Né le 23 novembre 1962 à Caracas et élevé dans le quartier de classe moyenne de Los Chaguaramos, à la capitale venezuelienne, où il a milité dès le lycée, Nicolas Maduro a notamment suivi une année de sciences politique à Cuba. Marié à Cilia Flores, autre figure du chavisme et procureur général de la République,cet ancien chauffeur de bus et dirigeant du syndicat du métro de Caracas a décroché en 1999 son premier mandat de député, sous la bannière du Mouvement 5e République, fondé par Hugo Chavez, arrivé au pouvoir la même année.Les destins des deux hommes s’étaient déjà croisés au sein du Mouvement révolutionnaire bolivarien 200 (MBR-200), également créé par Hugo Chavez, à la tête duquel il avait mené son coup d’Etat manqué contre le président Carlos Andrés Pérez en 1992.

Aux obsèques du "Comandante Hugo Chavez", Michel J. Martelly présente les condoléances du Peuple haïtien à Nicolas Maduro

Brièvement été président de l’Assemblée nationale (2005-2006), il a été ministre des Affaires étrangères entre 2006 et 2012, puis vice-président depuis octobre 2012. «Regardez où va Nicolas, le chauffeur de bus Nicolas. Il était chauffeur de bus, et comme ils se sont moqués de lui!», s’était exclamé Hugo Chavez en le nommant vice-président.

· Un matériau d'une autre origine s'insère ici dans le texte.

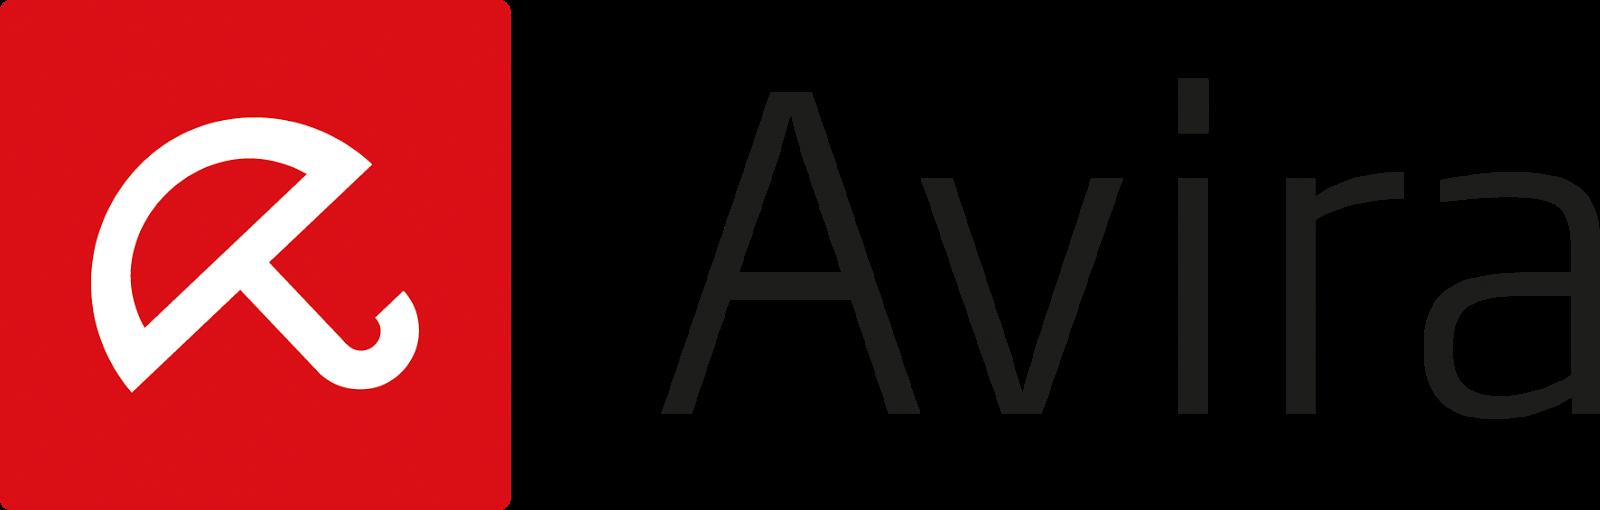 Avira логотип

Un chaviste fidèle qui s’est durci à l’usage du pouvoir

Son nom avait été cité avec de plus en plus d’insistance à l’heure des pronostics sur le nom du successeur du président malade. Et dès le début des allers-retours médicaux de Hugo Chavez à Cuba, il avait été l’un de ses visiteurs les plus assidus. Sans surprise donc, avant de s’envoler pour pour une nouvelle opération, Hugo Chavez avait ainsi demandé début décembre aux Vénézuéliens de faire de Nicolas Maduro leur président si lui-même devait quitter le pouvoir, assurant qu’il était «un révolutionnaire à part entière» ainsi qu’«un homme plein d’expérience malgré sa jeunesse». «C’est l’un des jeunes dirigeants ayant les meilleures capacités» pour diriger le pays «avec sa main ferme, avec sa vision, avec son coeur d’homme du peuple, avec son talent avec les gens (…), avec la reconnaissance internationale qu’il s’est acquise», avait ajouté le président.

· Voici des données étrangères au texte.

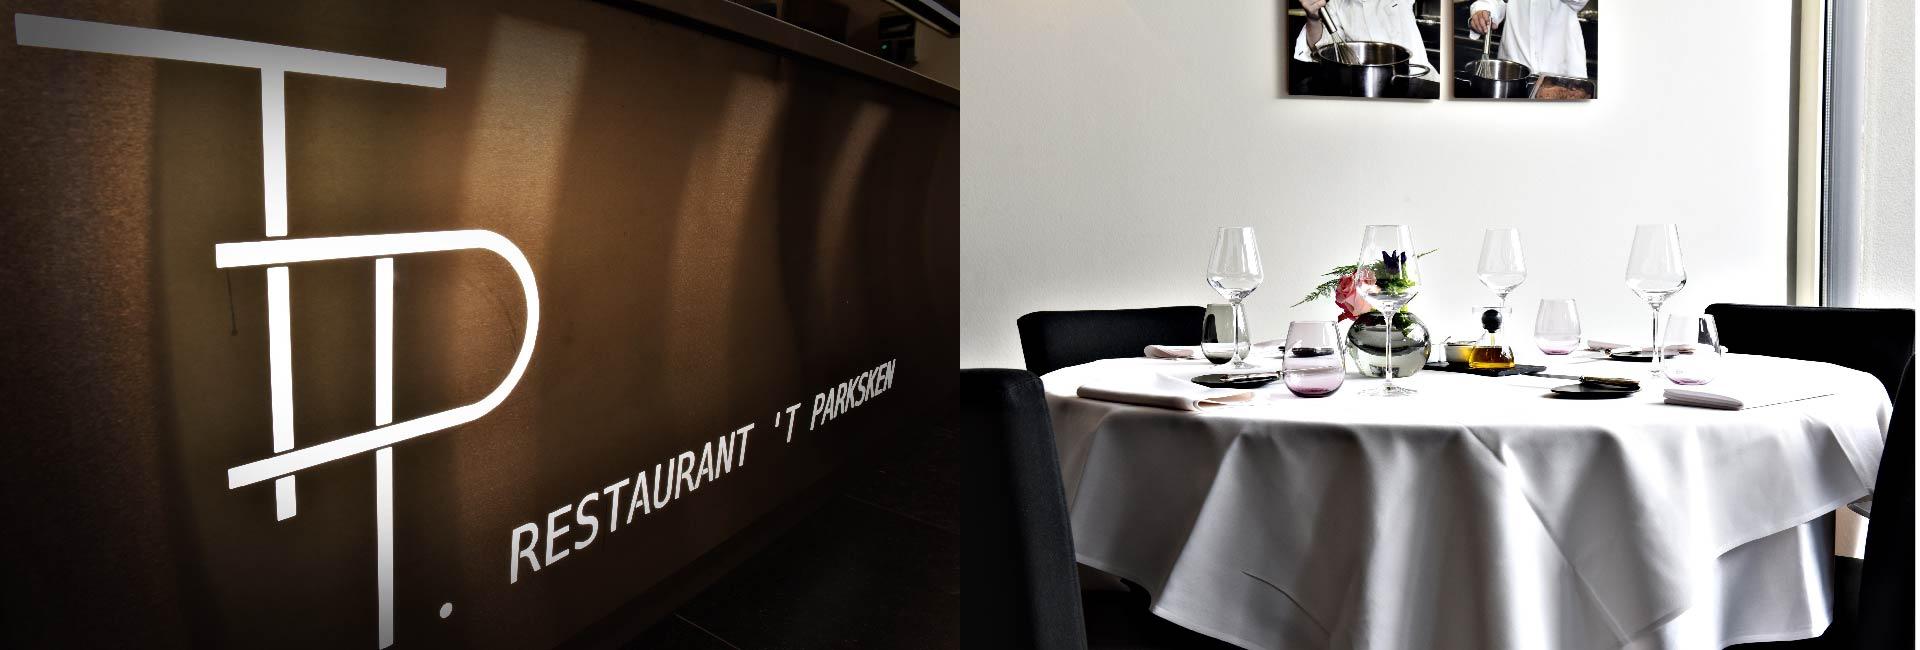 fotos-home-contact_restaurant_tparksken

La haute silhouette de ce membre de l’aile modérée du chavisme est également devenue familière dans les rendez-vous internationaux depuis qu’il a remplacé à plusieurs reprises un Hugo Chavez affaibli lors de grands sommets. Des analystes soulignent également son ton conciliant et sa grande capacité à négocier ainsi qu’à naviguer parmi les différentes tendances du chavisme. Mais depuis qu’il exerce de fait le pouvoir, en l’absence prolongée du président Chavez, il a durci le ton à l’égard de l’opposition, notamment de son principal représentant, le gouverneur Henrique Capriles, qualifié de «prince de la bourgeoisie parasite». A l’instar de son mentor, il multiplie également les apparitions publiques et les discours fleuve. Et c’est au bord des larmes qu’il a annoncé son décès mardi après-midi.«Il est évident que Maduro veut consolider son pouvoir». Il a adopté «une stratégie de radicalisation et d’intimidation visant des rivaux internes et externes», estime l’analyste politique Luis Vicente Leon.Pour le politologue et professeur d’Université Ricardo Sucre, «c’est (en outre) le choix des (dirigeants cubains Fidel et Raul) Castro», très proches de Hugo Chavez.L’historienne Margarita Lopez Maya souligne pour sa part «la fidélité» du «meilleur porte-parole» international du gouvernement Chavez, dont il a parfaitement adopté la rhétorique «anti-impérialiste» et le soutien à des régimes controversés, comme en Iran, en Libye ou en Syrie.